3) Onerous contracts. Revised estimates of penalties on a contract (refer to the guidance on variable consideration above) due to delayed or incomplete performance under a contract, may reduce the transaction price to the point where the unavoidable costs to fulfil the contract exceed the transaction price, i.e. the contract becomes loss-making, or onerous. SAICA’s Educational Material on Application of IFRS Standards in Light of the Coronavirus Disease (COVID-19) Uncertainty - Onerous contracts IAS 37 sets out the financial reporting considerations arising from COVID-19 for onerous contracts.
4) To determine whether the events linked to COVID-19 are adjusting or nonadjusting events, refer to SAICA’s Educational Material 1 - Application of IFRS Standards in Light of the Coronavirus Disease (COVID-19) Uncertainty - Events after the Reporting Period and Going Concern.
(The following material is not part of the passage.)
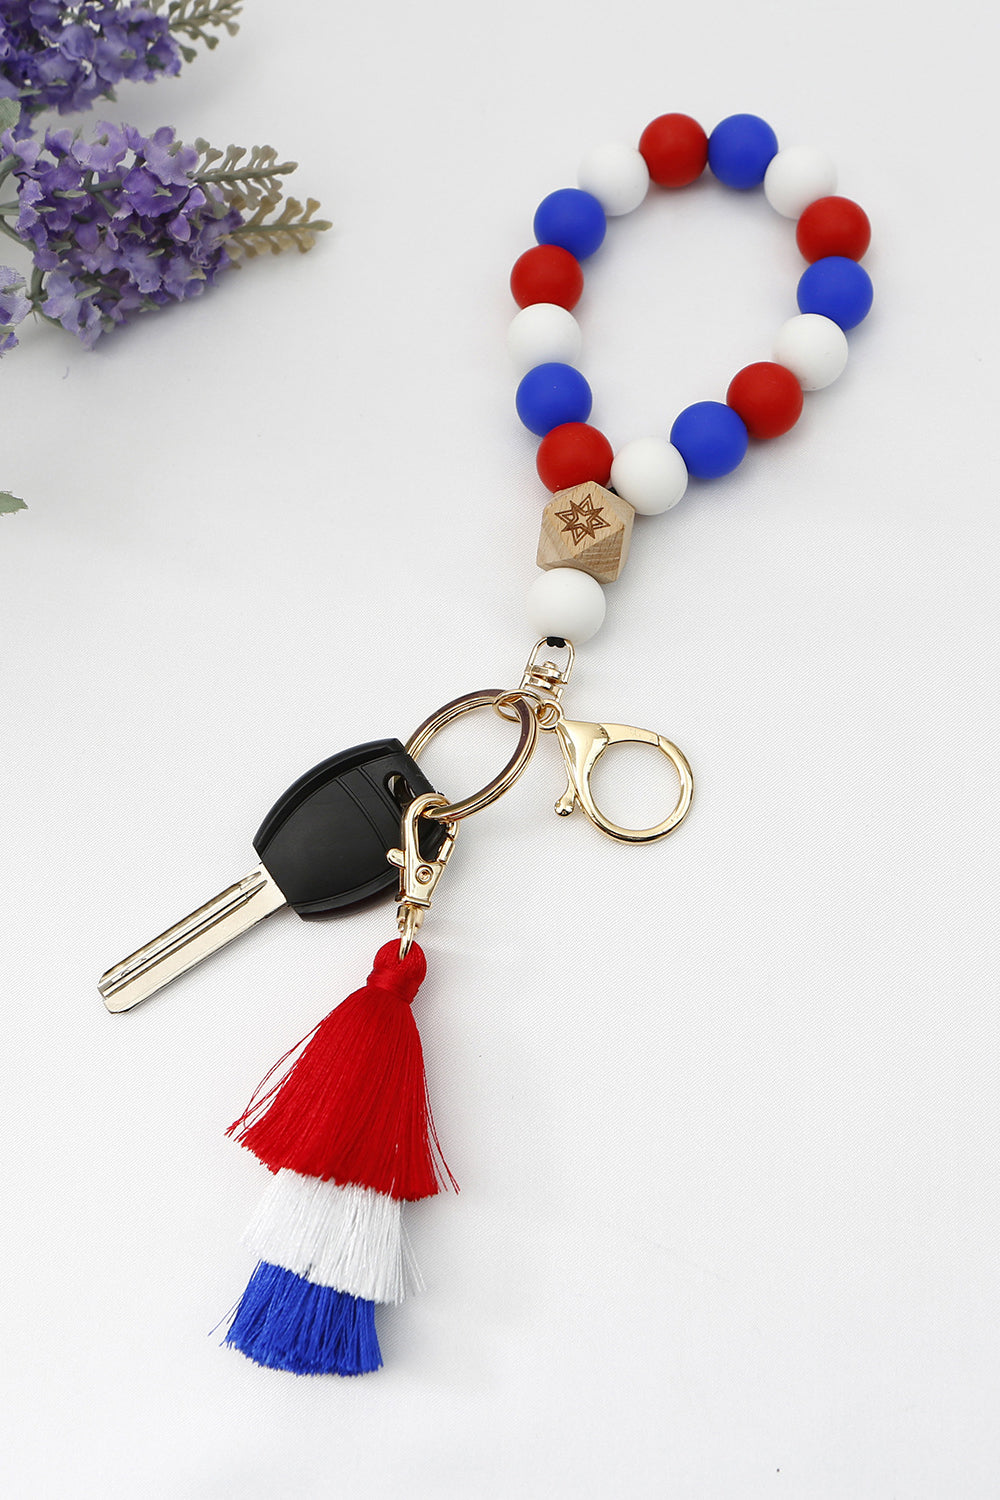 Silica Gel Bead Wristlet Keychain with Layered Tassels Red / One Size

Where the events are identified as adjusting, the guidance above should be applied. Where the events are nonadjusting, in terms of IAS 10 - Events after the Reporting Period paragraph 10 an entity shall not adjust the amounts recognised in its financial statements to reflect these events. If non-adjusting events after the reporting period are material, an entity shall disclose the nature of the event, and an estimate of its financial effect (which would involve the application of the above guidance) or a statement that such an estimate cannot be made.